JPH09242657A - Module type wave activated power generating device - Google Patents

Abstract

PROBLEM TO BE SOLVED: To guarantee stable operation of a power generating turbine by installing multiple modules constituted by an air column and a valve chamber on a frame arranged in sea water, and carrying out power generation leading to an air turbine after air generated by vertical movement of a water surface in an air column by wave makes in a normal condition. SOLUTION: A plurality of modules consists of an air column 2 and a valve chamber 3 are set on a long frame in which a plurality of buoys 8 having a sufficient capacity for floating the whole of a device on a water surface are set. A water surface in the air column 2 is moved vertically by wave motion, and thereby, a discharging valve 7 is closed when for example the water surface is moved downward, and an intake valve 6 is opened so as to suck a stem from a suction main pipe 4 into the air column 2. On the other hand, in a process when the water surface is moved upward, the discharging valve 7 is opened, and the intake valve 6 is closed so as to discharge air. Discharged air from each module is led into an air turbine 11 through a common discharging main pipe 5 to drive the air turbine 11 so as to generate power.

Description

Detailed Description of the Invention

[0001]

BACKGROUND OF THE INVENTION 1. Field of the Invention The present invention relates to a wave for generating electric power by attaching a module for collecting and converting a plurality of wave energy to a long frame installed in the sea and capturing the vertical movement of the water surface due to a wide range of waves.
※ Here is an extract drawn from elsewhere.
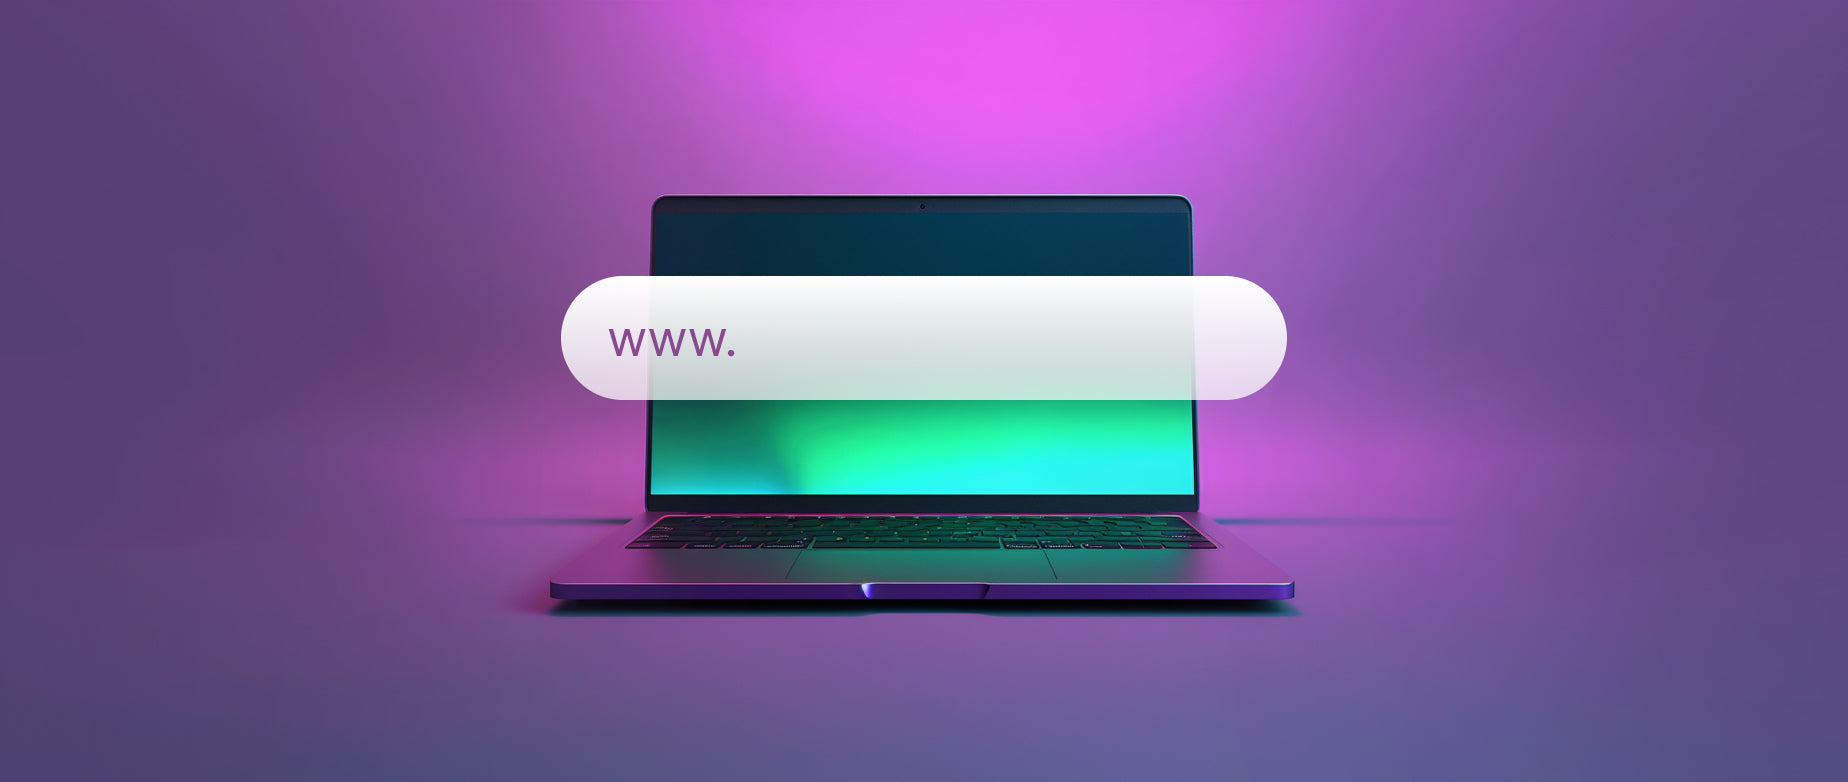 如何注册域名：笔记本电脑屏幕上显示搜索栏和www
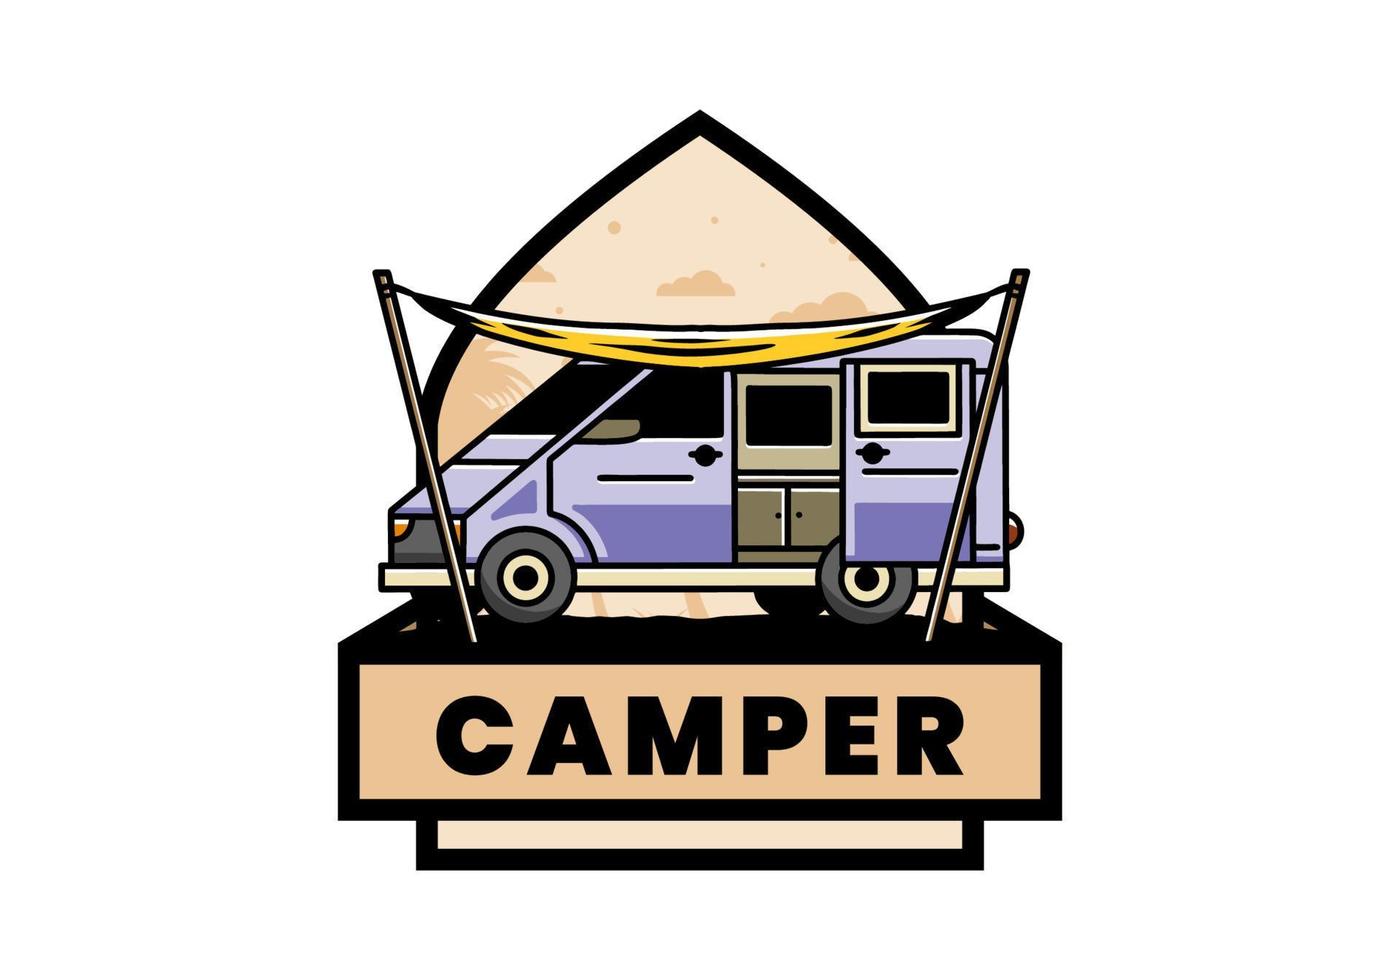 conception d'illustration de van camper et flysheet vecteur

Regarding power generation.

[0002]

2. Description of the Related Art Wave power generation of a type in which an air turbine drives a generator by using the motion of the water surface to move up and down together with a wave in an air column in which a body is half immersed in water. As the device, there are floating floating devices such as boat buoys moored on the sea, and stationary devices in which a structural air column is installed on a base built on the quay or the bottom of the coast. All of these devices are devices systematically collecting a large number of mechanisms including a column for converting wave energy into air flow energy and an air turbine for power generation. Aiming to accommodate this to a wide range of wave energy, it becomes a considerably large-scale device, and especially under the condition that the structure must be able to withstand abnormal times of ocean weather, very robust structure, Robust mooring equipment is indispensable, and the conventional technology increases manufacturing and construction costs, increases the unit price of power generation, and makes it difficult to spread wave power generation.

[0003]

The characteristics of the energy of the waves that cause the sea surface to move up and down are that the distribution density per unit area is usually low and the pattern is mottled except when the weather is abnormal. When the energy of waves of this form is converted into flow energy of air to operate a generator using an air turbine, energy homogenization is very important. In the energy conversion method using the air column, the air flow occurs only in the process of the vertical movement of the water surface in the column, so that the operation of the air turbine is an intermittent operation that is breathtaking. Since the air flow is in the opposite direction when the water level rises and when it falls, the valve mechanism is used to turn the air flow into a one-way flow to operate the turbine to generate electricity, or to operate without a valve. Regardless of the direction in which air flows, a type turbine, which always rotates in a fixed direction, must be used to generate electricity. However, even if such measures are taken, the rotation of the generator becomes pulsating operation, and steady operation is difficult. Therefore, in the conventional technology, when planning a high-power wave power generation system, a system in which a large number of air columns and power generation turbines are combined and operated in parallel will be operated, resulting in economies of scale. Is difficult in principle. In addition, even in the aspect of maintenance and inspection and construction cost of the equipment, there is no big difference from the small-scale distributed equipment, and scale merit cannot be expected.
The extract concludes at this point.